Additionally, "[t]he list of equity security holders filed pursuant to Rule 1007(a)(3) shall constitute prima facie evidence of the validity and amount of the equity security interests and it shall not be necessary for the holders of such interests to file a proof of interest." Fed. R. Bankr. P. 3003(b)(2) ("List of equity security holders"). It may also help determine a "party in interest." See 11 U.S.C. § 101(14)(A) (defining "disinterested person" to include a non-equity-security holder); Id. § 1109(b) (defining a "party in interest" under Chapter 11 to include an equity security holder). Thus, in addition to providing notice, the ESH List can establish an equity holder's interest, without need for additional filings by interest holders, such that if there remains any equity to distribute from the estate, the Trustee knows to whom to distribute.
In addition to its use in a Chapter 11 reorganization proceeding, the ESH List can find its way into a Chapter 7 liquidation proceeding: "When a chapter 11 case ... has been converted or reconverted to a chapter 7 case, ... [l]ists, inventories, schedules, and statements of financial affairs theretofore filed shall be deemed to be filed in the chapter 7 case, unless the court directs otherwise." Fed. R. Bankr. P. 1019(1)(A). This eliminates the need for duplicative filings and compilations as when "requirements applicable in the superseded case respecting the filing of schedules ... have been complied with before the order directing conversion to liquidation, these documents will ordinarily provide all the information about the debts, property, financial affairs, and contracts of the debtor needed for the administration of the estate." Fed. R. Bankr. P. 1019(1) Ad. Comm.'s n. to the 1983 enactment. Without conversion, a Debtor would not originally file an ESH List in a Chapter 7 liquidation proceeding.

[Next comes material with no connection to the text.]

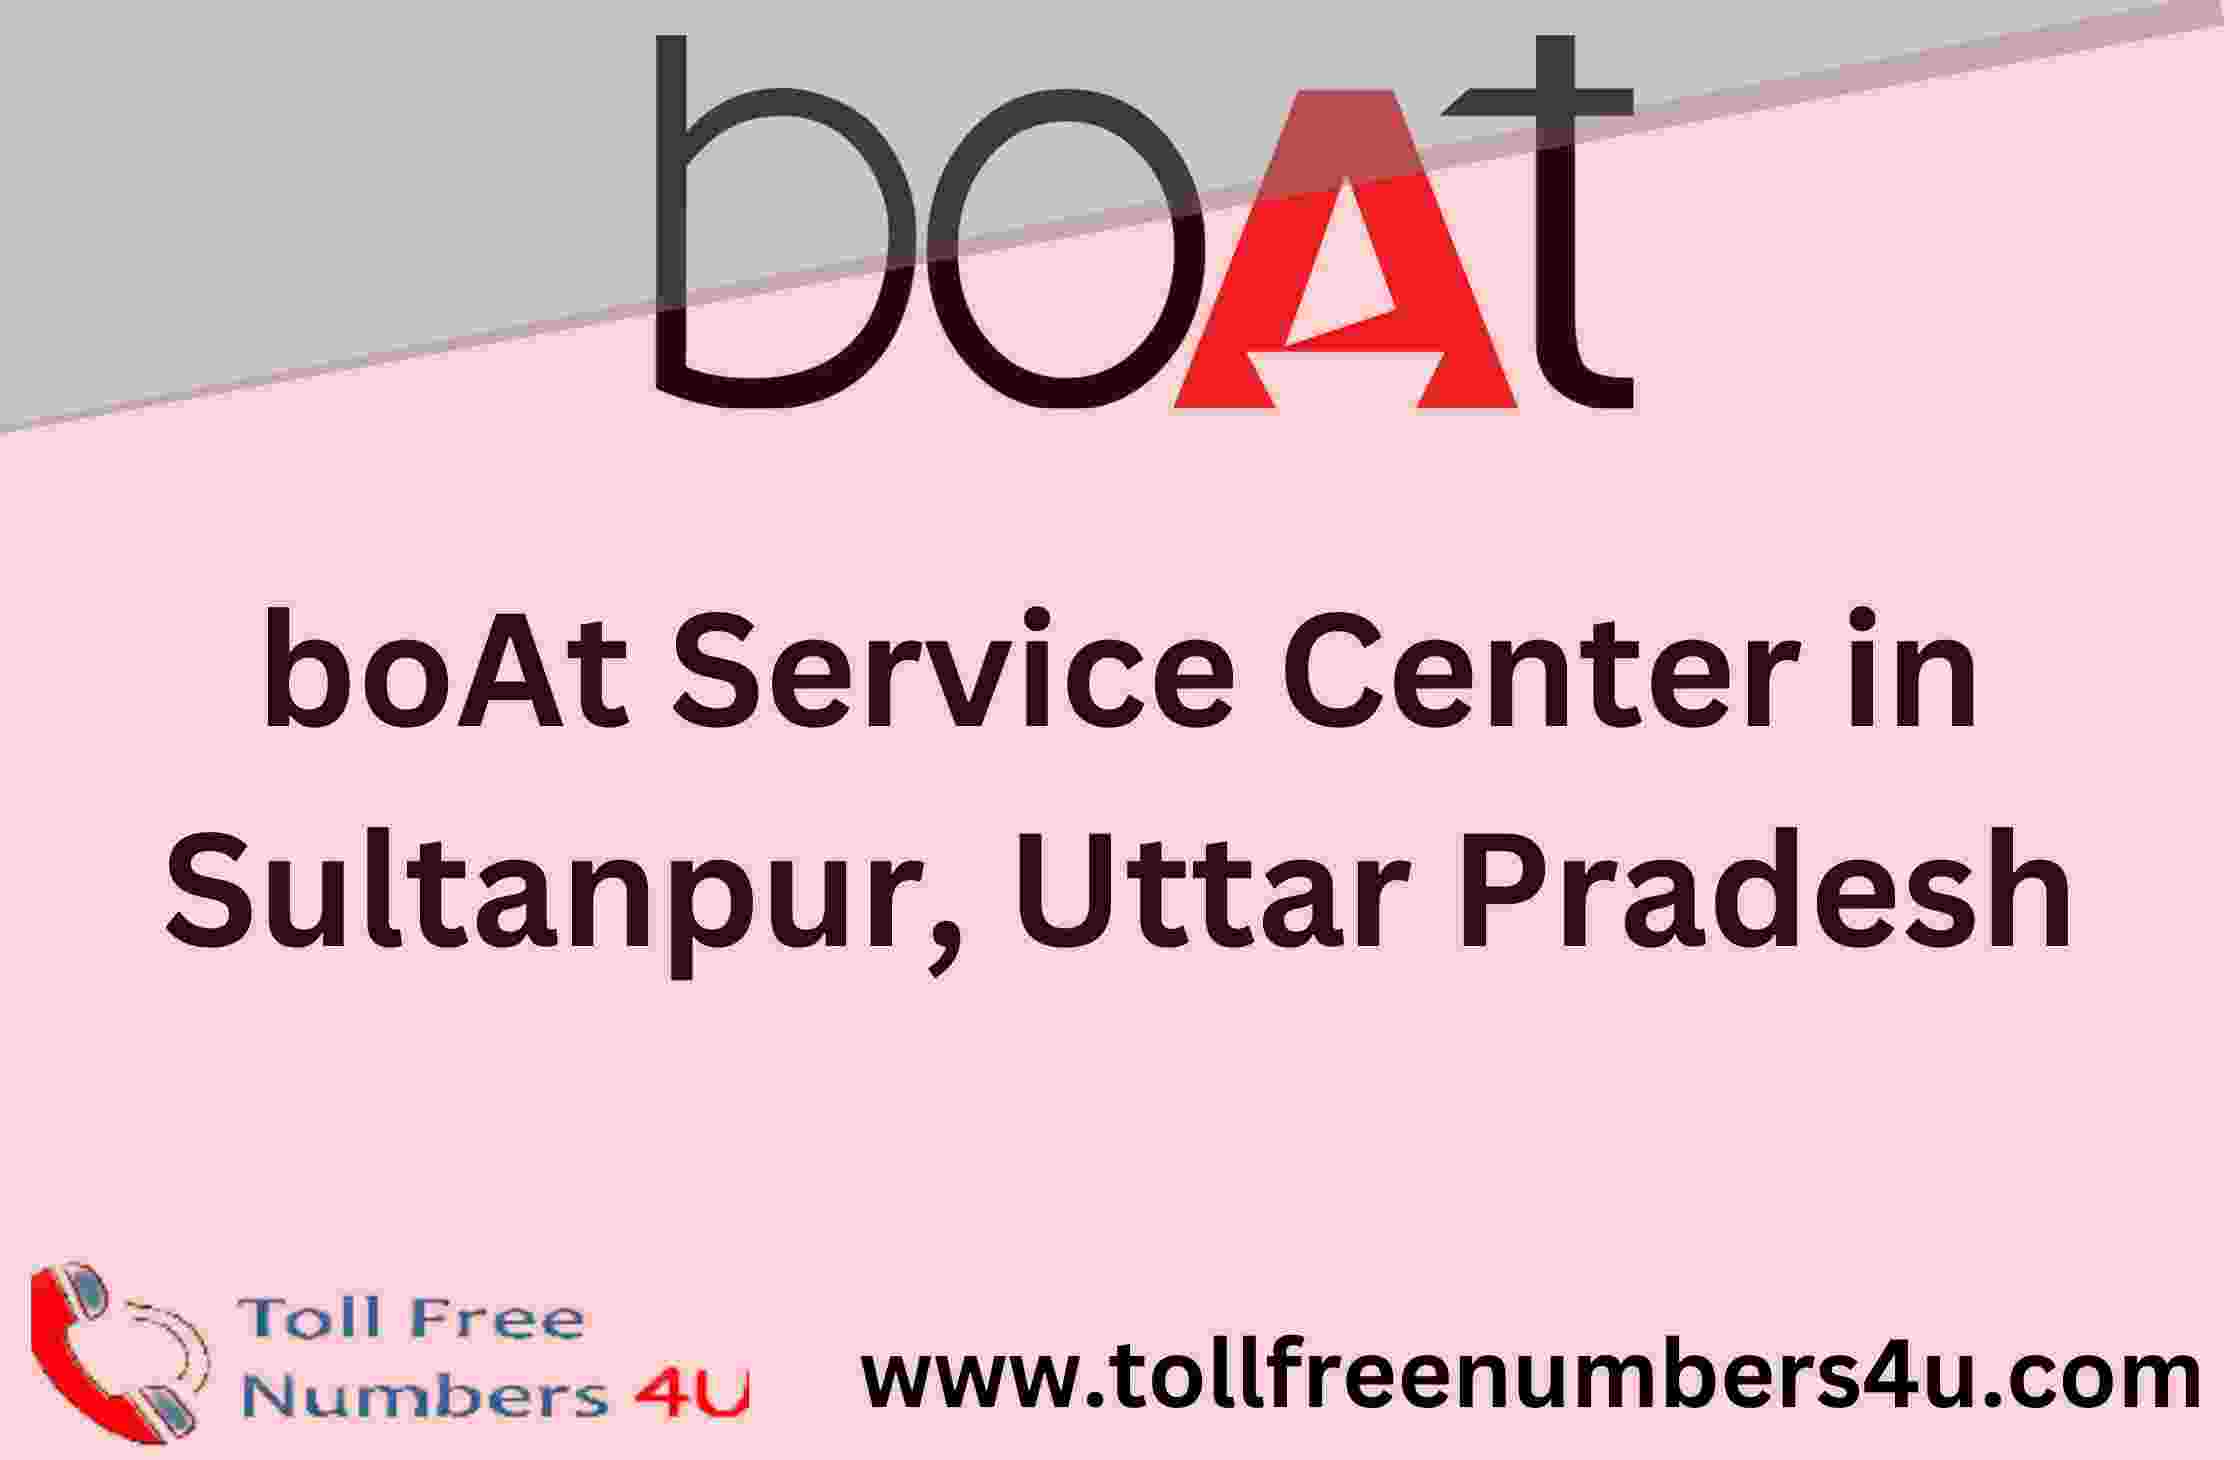 boAt Service Center in Sultanpur - TollFreeNumbers4u
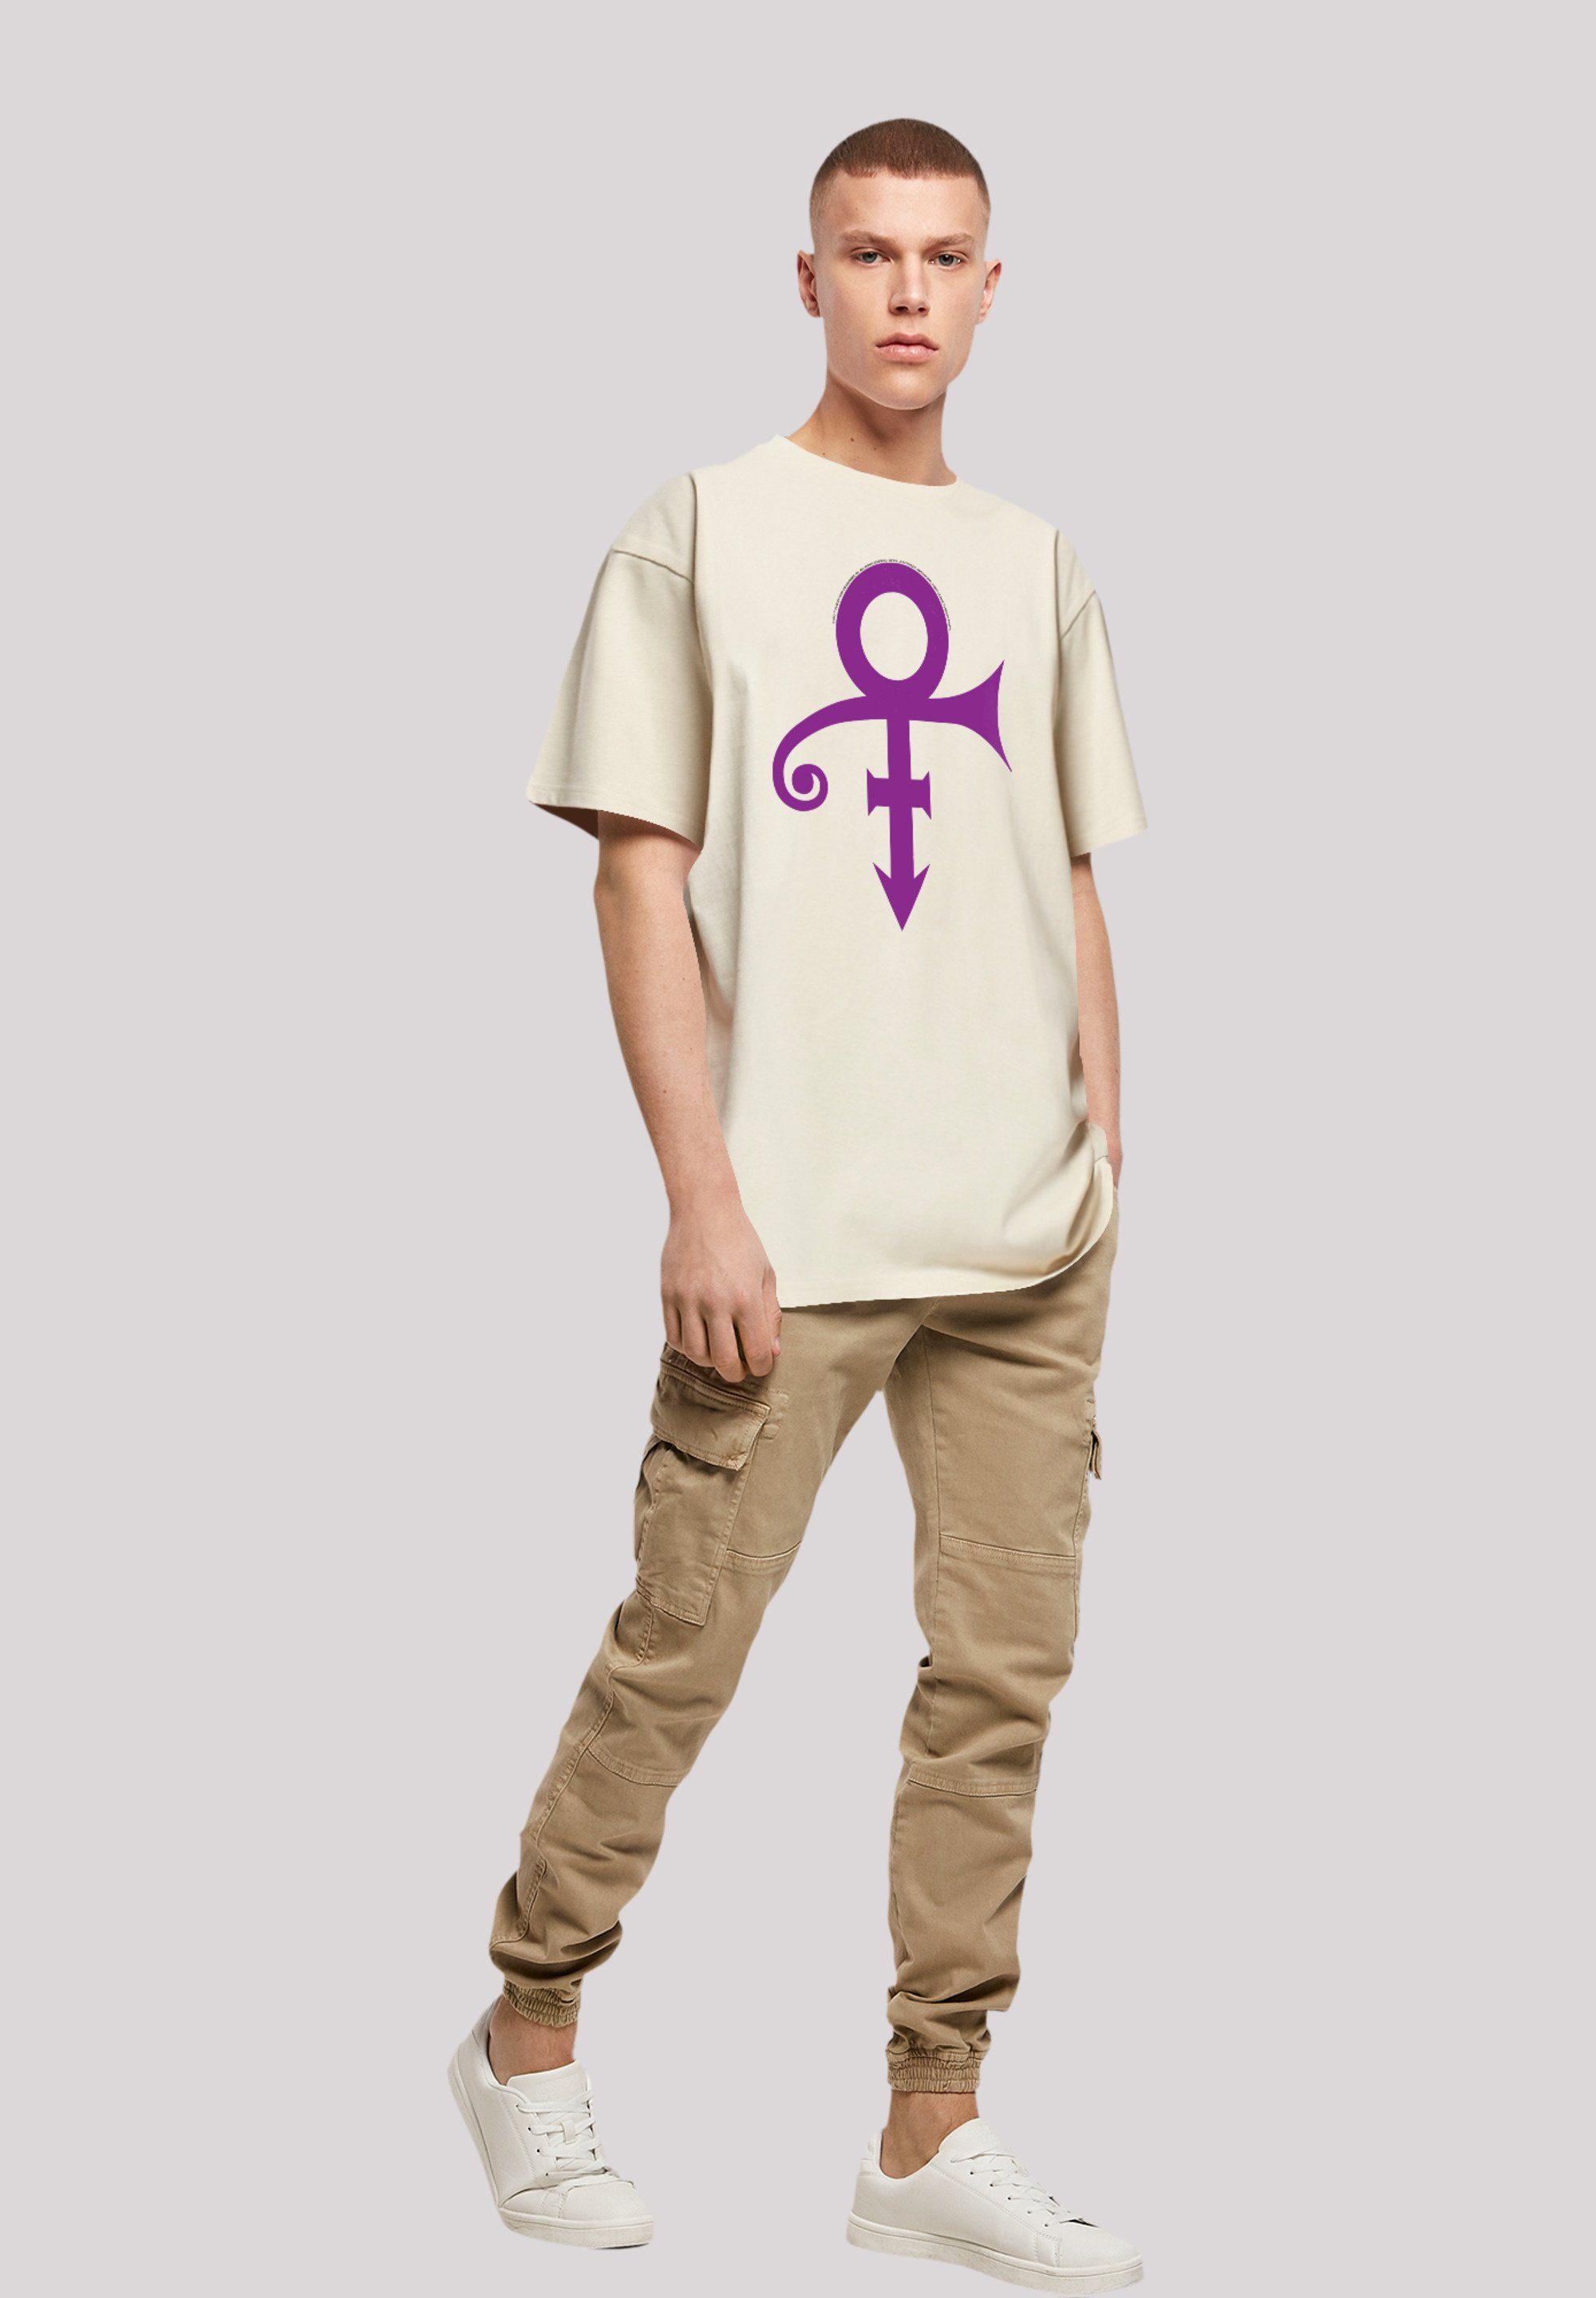 F4NT4STIC T-Shirt Prince Rock-Musik, Musik sand Album Band Qualität, Logo Premium

Here, as the bankruptcy case was converted from a Chapter 11 to a Chapter 7 proceeding on October 4, 2019, the ESH List properly made its way into this proceeding. Thus, the Trustee could use this List in the current proceeding.
Even when contesting the List's usage in its current form, Appellants conceded that the List can be used by the Trustee in a Chapter 7 proceeding. See, e.g. , (JA 866 (quoting LeClair's Motion to Amend that he "does not object to the Trustee's reliance on an accurate ESH List").)
3. The Bankruptcy Court issued too broad of an Order.
Despite the proper usage of the ESH List in the bankruptcy proceeding, the Court finds that the Bankruptcy Court issued too broad of an Order authorizing its use, as an aspect of the Order became advisory in nature.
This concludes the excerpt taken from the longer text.